- **Collected material**
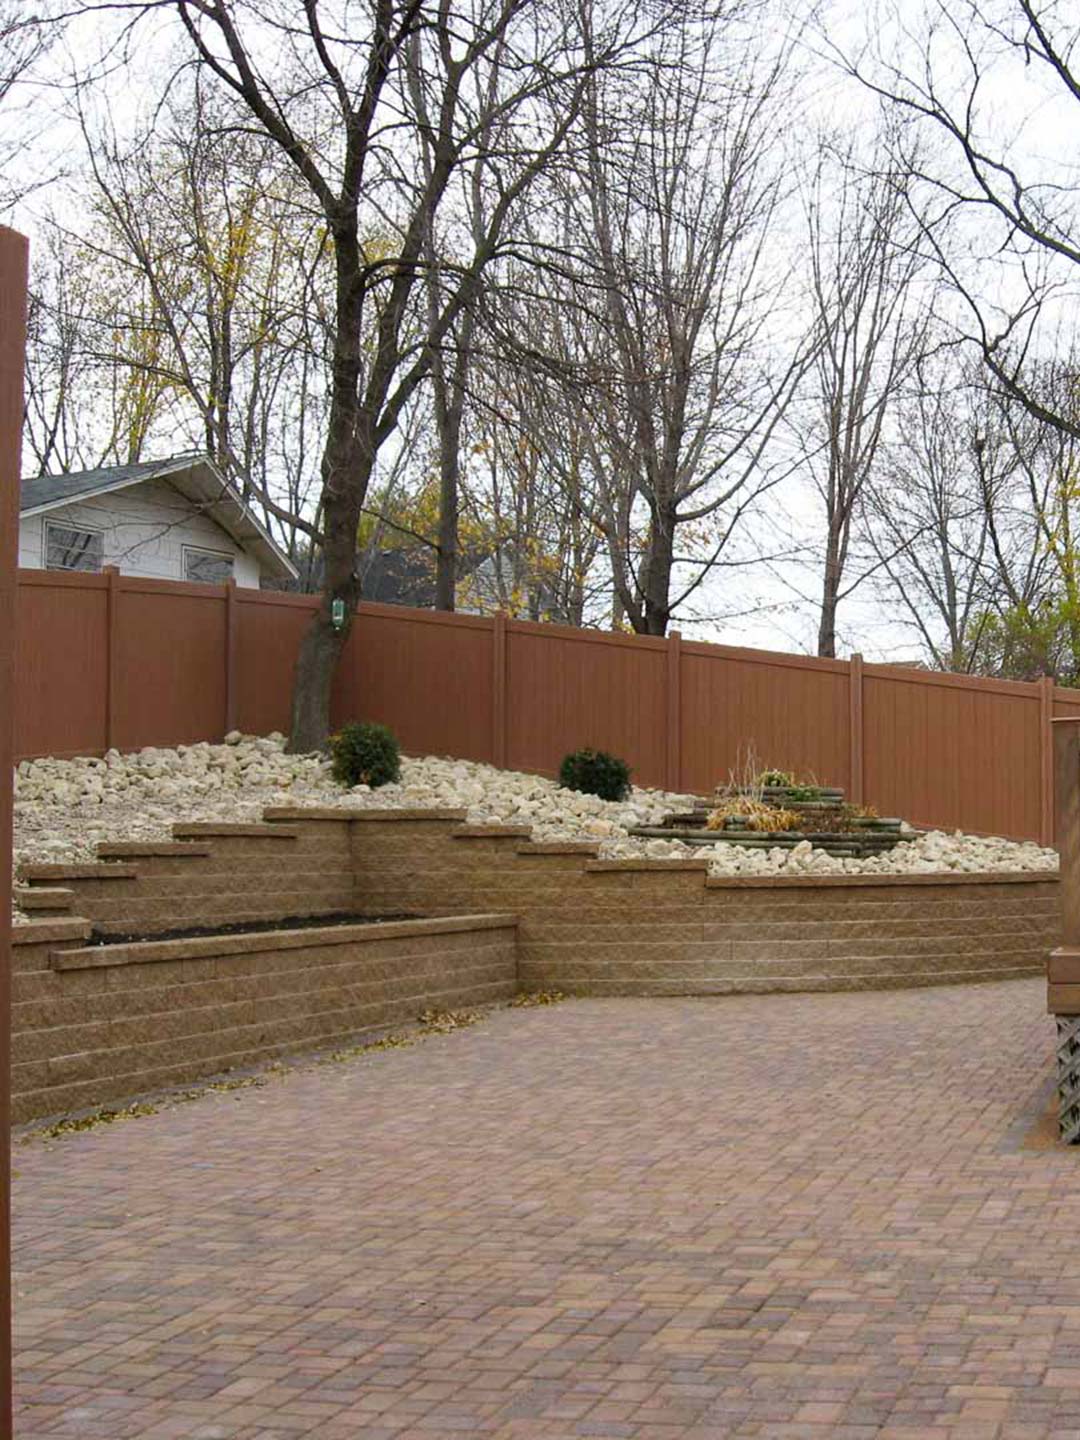 Landscape services in Savage, MN from Greenside Inc
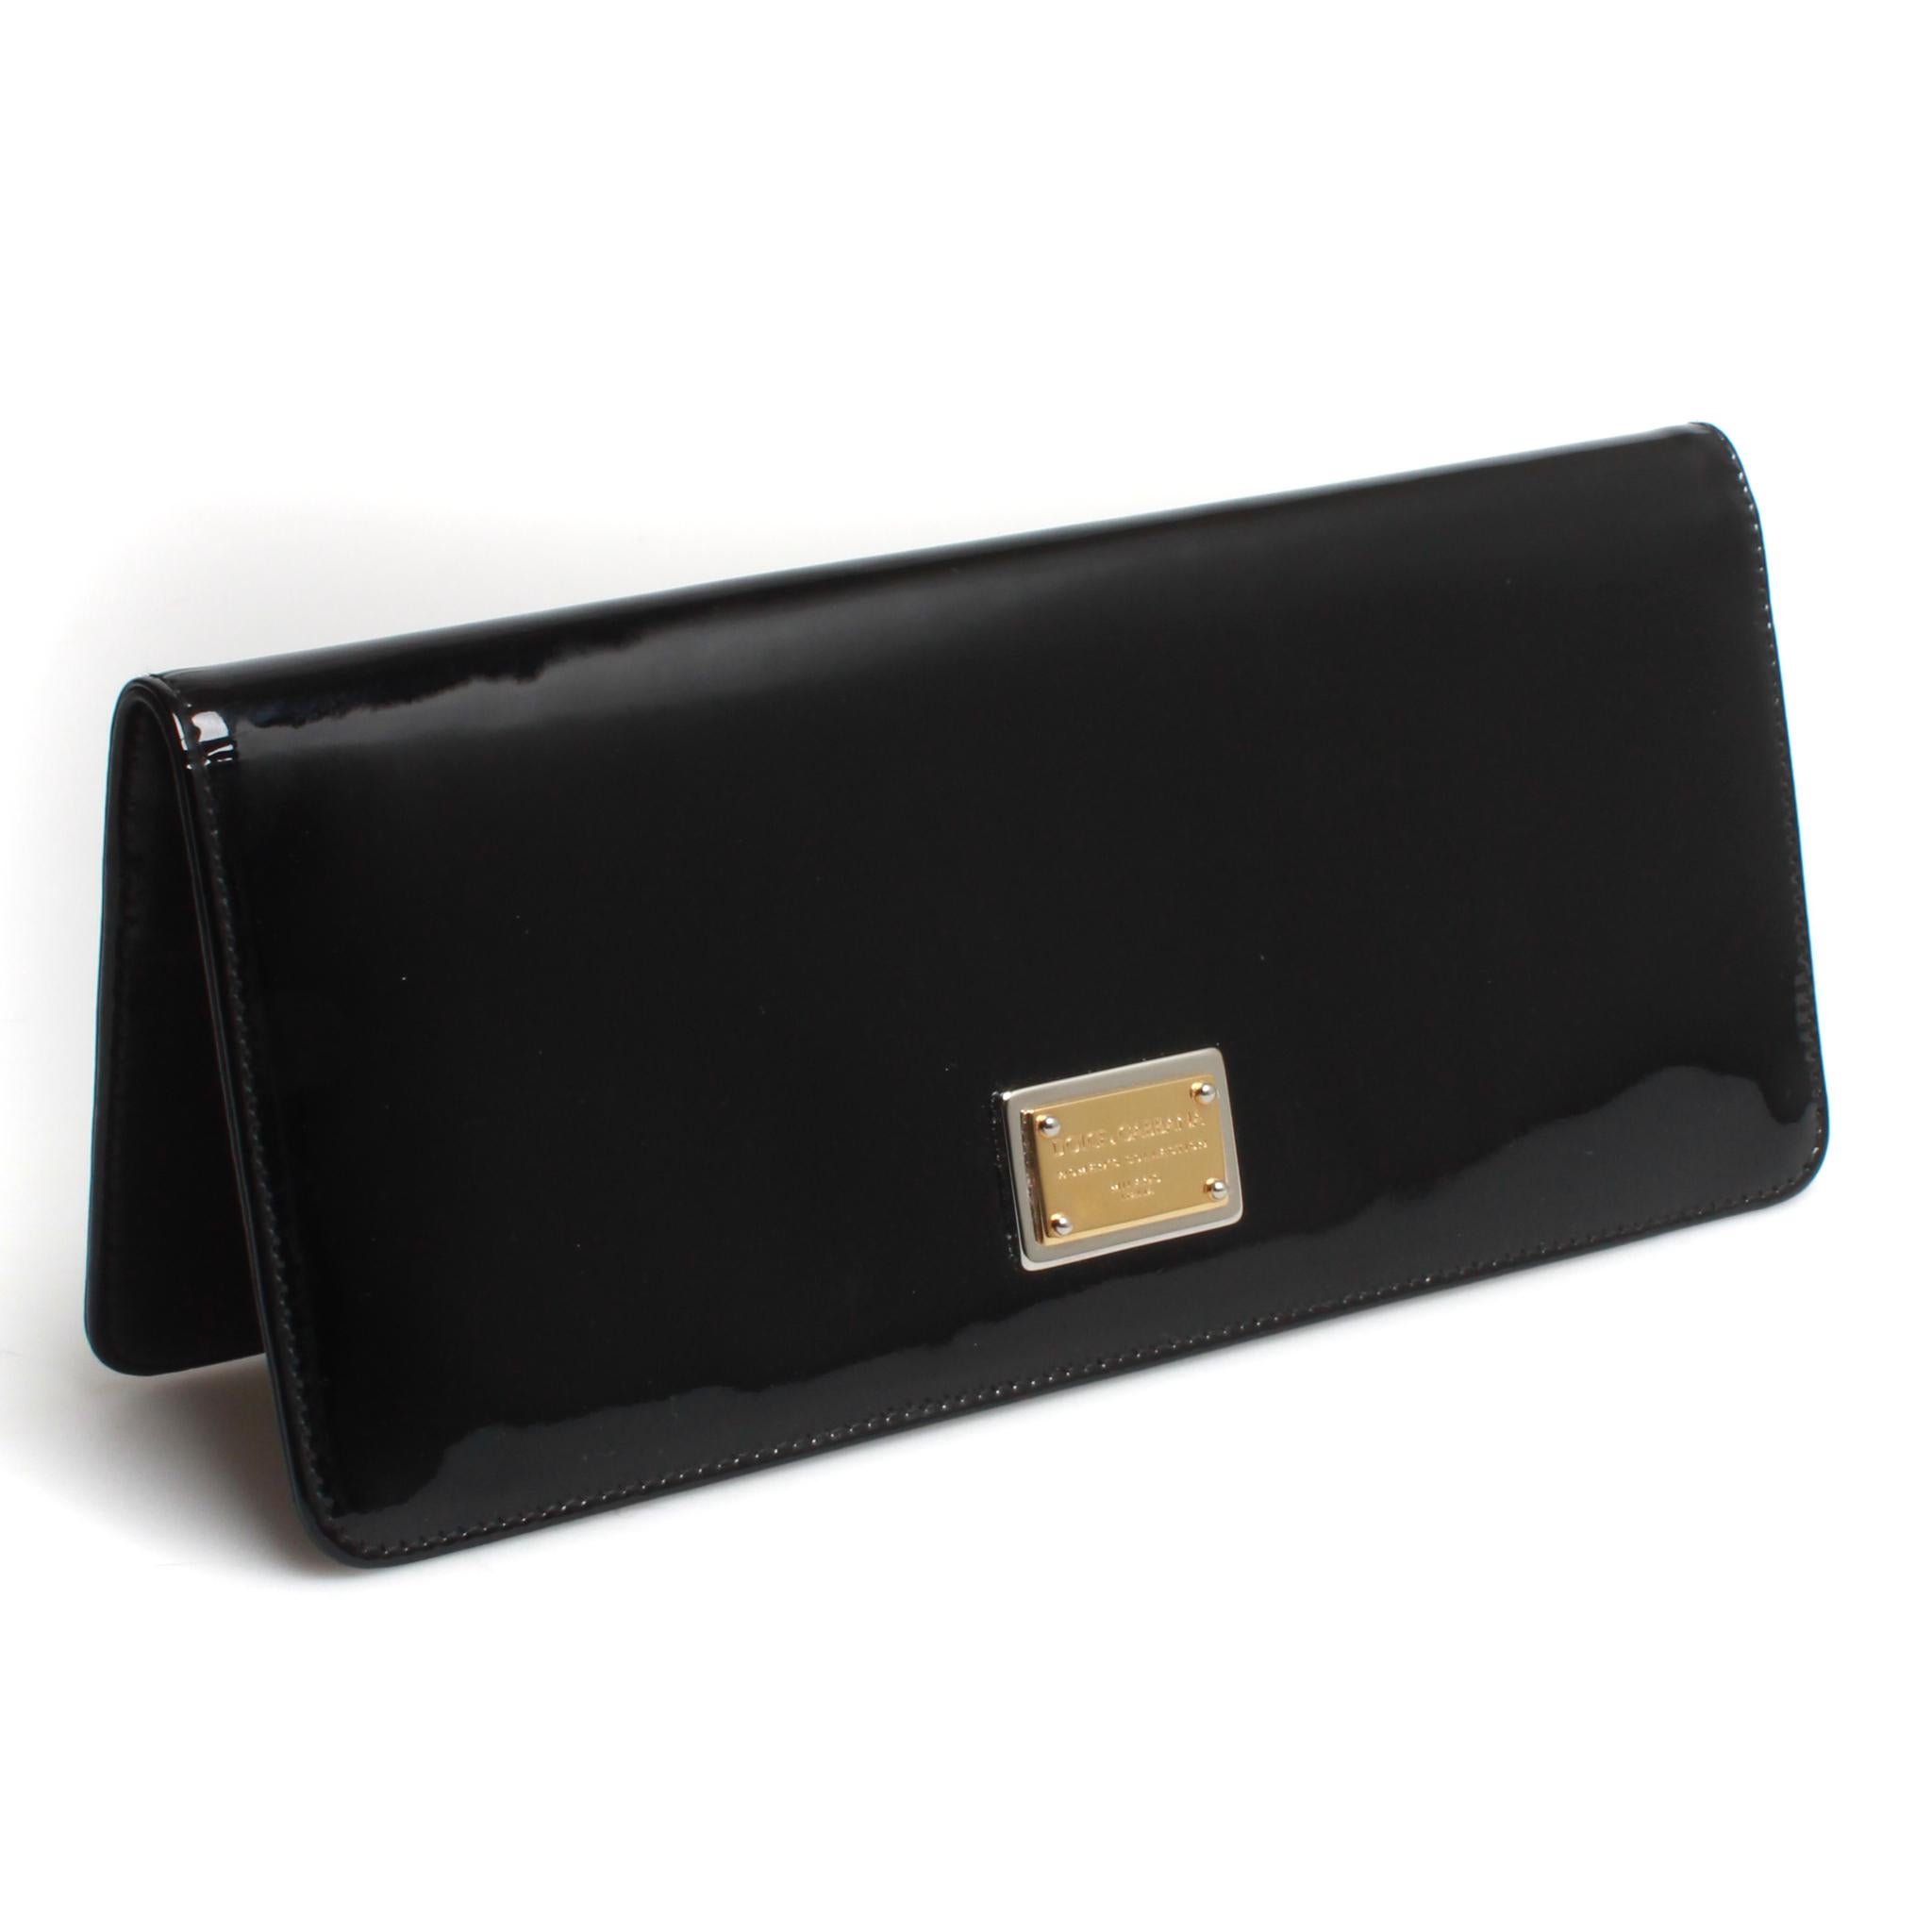 Black patent Dolce & Gabbana 'Miss Zoe' clutch with snap closure and beautifully soft leather interior with two zip compartments.
Comes with box and dust bag. No authenticity card.

- **Aim of the task**
Would you restate word for word each line from the one that holds "Black patent Dolce" to the end of the material, both ends included, without the pictures?

- **Written answer**
 Black patent Dolce & Gabbana 'Miss Zoe' clutch with snap closure and beautifully soft leather interior with two zip compartments.
Comes with box and dust bag. No authenticity card.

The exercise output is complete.